Les fermiers qui acceptent de réduire leur production de 2% à 5% seront payés au prix du marché pour le lait produit, soit environ 380 euros la tonne et recevront 320 euros la tonne pour le lait non produit. Le CNIEL a déjà débloqué 10 millions d’euros mais cela ne financera que la moitié de la baisse. Les pouvoirs publics ont donc été appelés au secours pour éviter la casse.
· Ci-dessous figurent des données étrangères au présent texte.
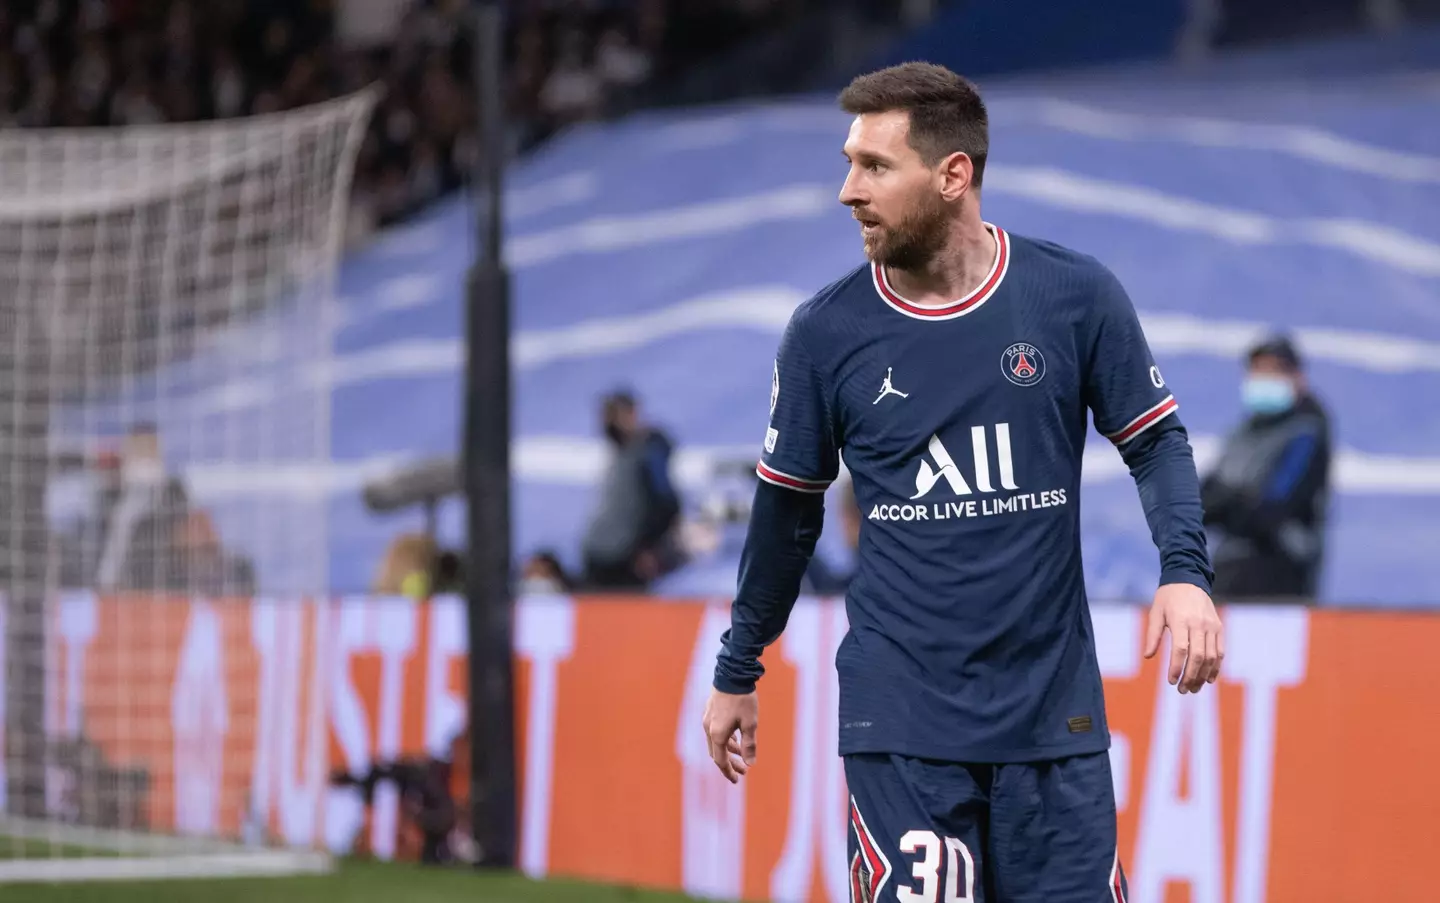 Messi was booed by PSG's supporters after their defeat to Real Madrid (Image: PA)

Thierry Roquefeuil, le président de la Fédération nationale des producteurs de lait, a tenu à rassurer affirmant qu’il s’agit d’une mesure exceptionnelle.

En parallèle, l’interprofession demande à Bruxelles des aides pour indemniser les entreprises pouvant stocker les produits qui peuvent l’être comme la poudre de lait, le beurre et certains fromages.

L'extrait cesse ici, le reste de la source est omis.